Romanian-born American fashion designer

Ben Zuckerman (July 29, 1890 – August 9, 1979) was a Romanian-born, American fashion designer, known particularly for his high-quality tailored coats and suits. He made clothes for Jacqueline Kennedy while she was First Lady of the United States.

==Early life==
Ben Zuckerman was born in Romania on 29 July 1890, and immigrated along with his family when he was still a child. The family settled in New Jersey, where Zuckerman left school, aged 15.

==Career==
The young Zuckerman started out as a floor sweeper for a dress factory, but built up his skills, until, aged 21, he was able to launch his first business in partnership with Joseph Hoffman. In the late 1920s, the company was succeeded by a new one, Zuckerman & Kraus, which lasted until 1949.

After travelling Europe and touring the United States, Zuckerman came back to New York and launched his eponymous company "Ben Zuckerman" in 1950. His head designer was a former boxer and gas-pump attendant, Harry Shacter, who was also Zuckerman's partner personally as well as professionally. Stanley Marcus recalled that Shacter had a particular knack for going to Paris couture presentations, where sketching was not allowed, and memorising up to fifty looks from the show which he would accurately draw afterwards. This enabled Ben Zuckerman to offer clothing that closely reproduced the latest Paris fashions without having to pay expensive reproduction fees.

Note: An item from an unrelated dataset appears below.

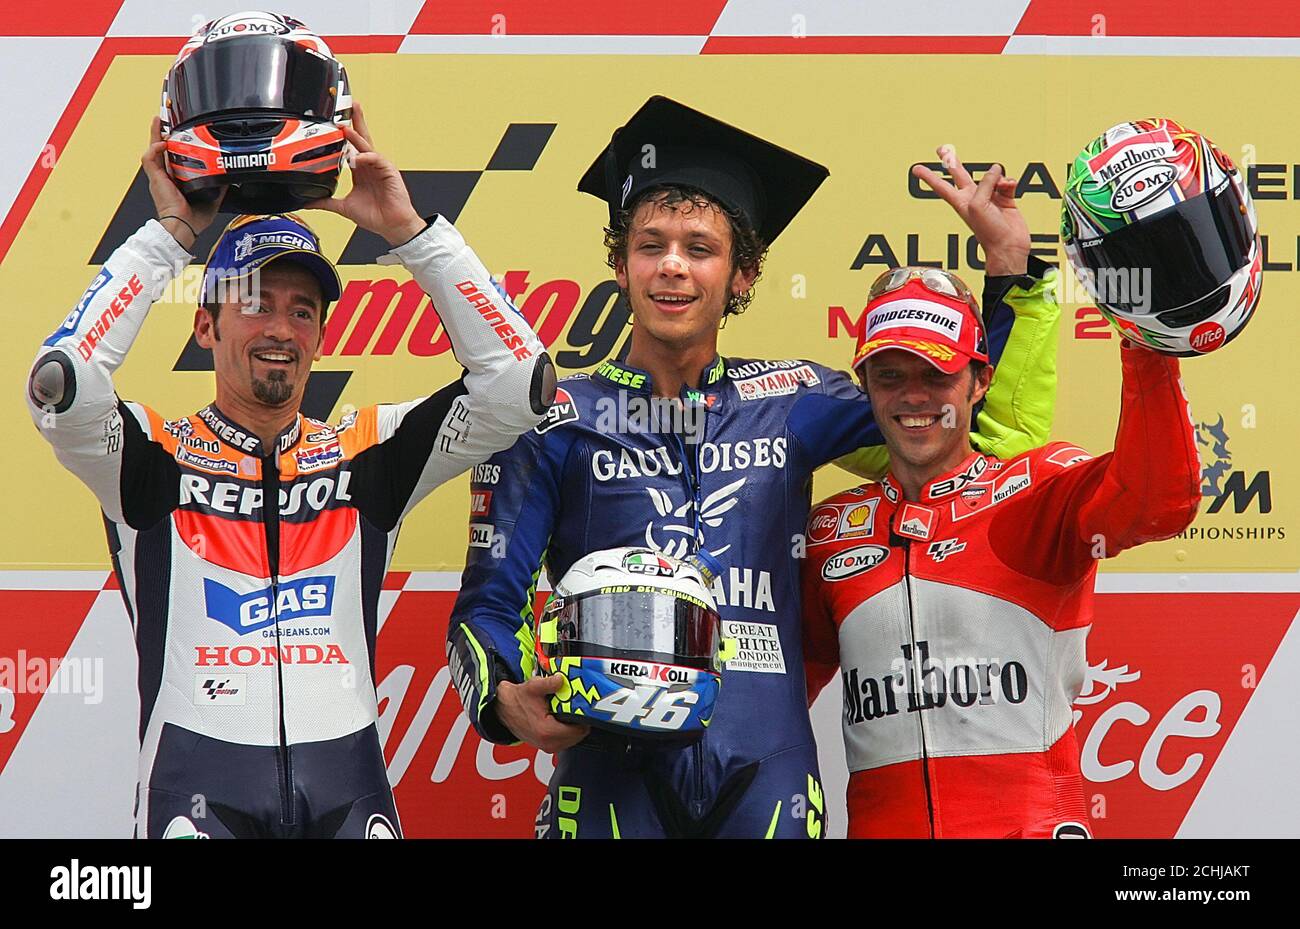 Italy's Rossi, Biaggi and Capirossi pose on the podium at the end of the  Italian Motorcycle Grand Prix in Mugello. Italy's Valentino Rossi (C) and  countrymen Max Biaggi (L) and Loris Capirossi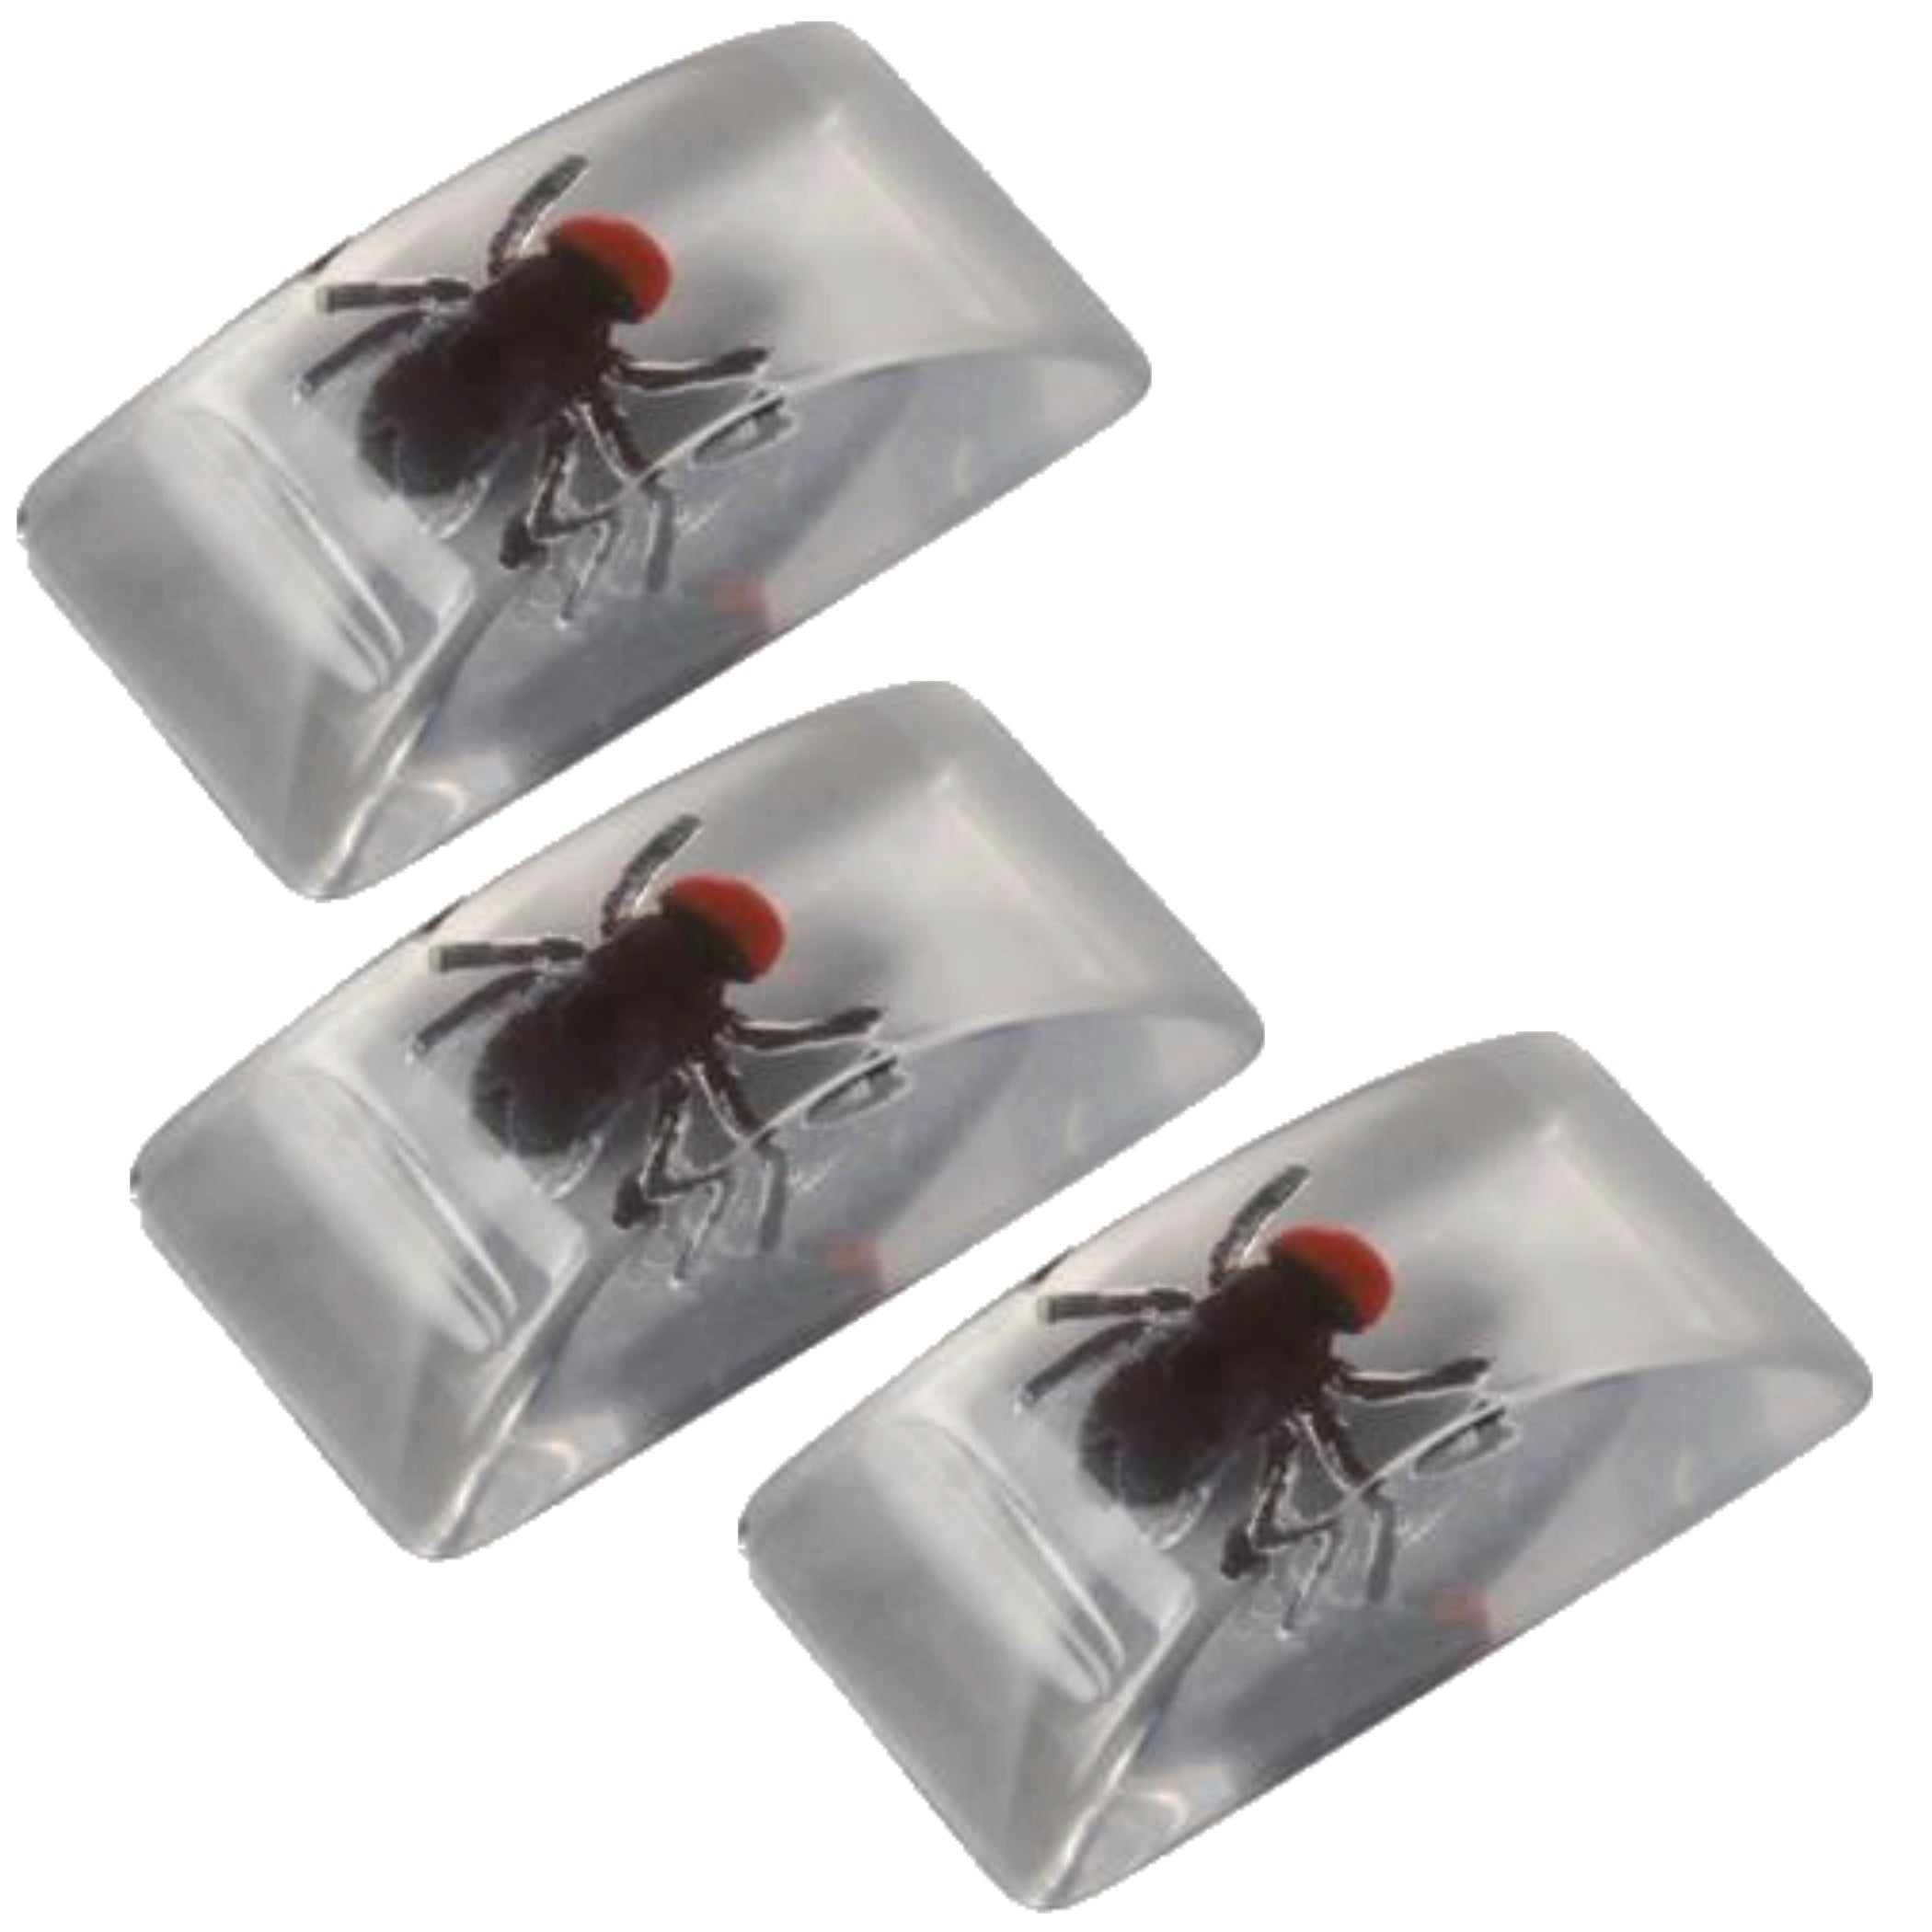 Bug In Ice Cube 3 pack - GagWorks

Zuckerman, although he could not sew, was known as the "Master Tailor of Seventh Avenue." The quality of his boldly coloured suits and coats was much admired, and very influential on the way American women dressed. His work was described as looking like it had been made by couturiers such as Dior and Balenciaga. Grace Kelly wore one of his coat and dress ensembles in 1956 when she arrived in Monaco to marry Prince Rainier, and proudly wore the same coat nine years later whilst pregnant with her youngest child.

When Jacqueline Kennedy became First Lady of the United States, she consulted with Diana Vreeland to get names of all-American designers who would be appropriately patriotic choices to dress her for her role. After considering the request, particularly Kennedy's request for designers who could reproduce Paris-style elegance, Vreeland recommended Zuckerman alongside Norman Norell, and the sportswear designer Stella Sloat. A purple wool Zuckerman coat closely based on a Pierre Cardin model was originally going to be worn for the Inauguration Day, although Kennedy changed her mind and wore it instead for a tour of the White House with Mamie Eisenhower.

The quality of Zuckerman's clothing was also noted by the poet Marianne Moore, who wrote a short poem about it that was engraved on an award from the Coat and Suit Board in 1963.

Ben Zuckerman retired and closed his business in 1968. In 1973, Zuckerman and Shacter were elected charter members of the Council of Fashion Designers of America.

==Awards==
Ben Zuckerman won his first Coty Award in 1952, the Return Award in 1957, and the Hall of Fame Award in 1961. He was also a recipient of the Neiman Marcus Fashion Award in 1951, alongside the ceramicist Ernestine Cannon and the ready-to-wear designer Jane Derby.

==Death==
Zuckerman died at his home in Palm Beach, Florida, on August 9, 1979.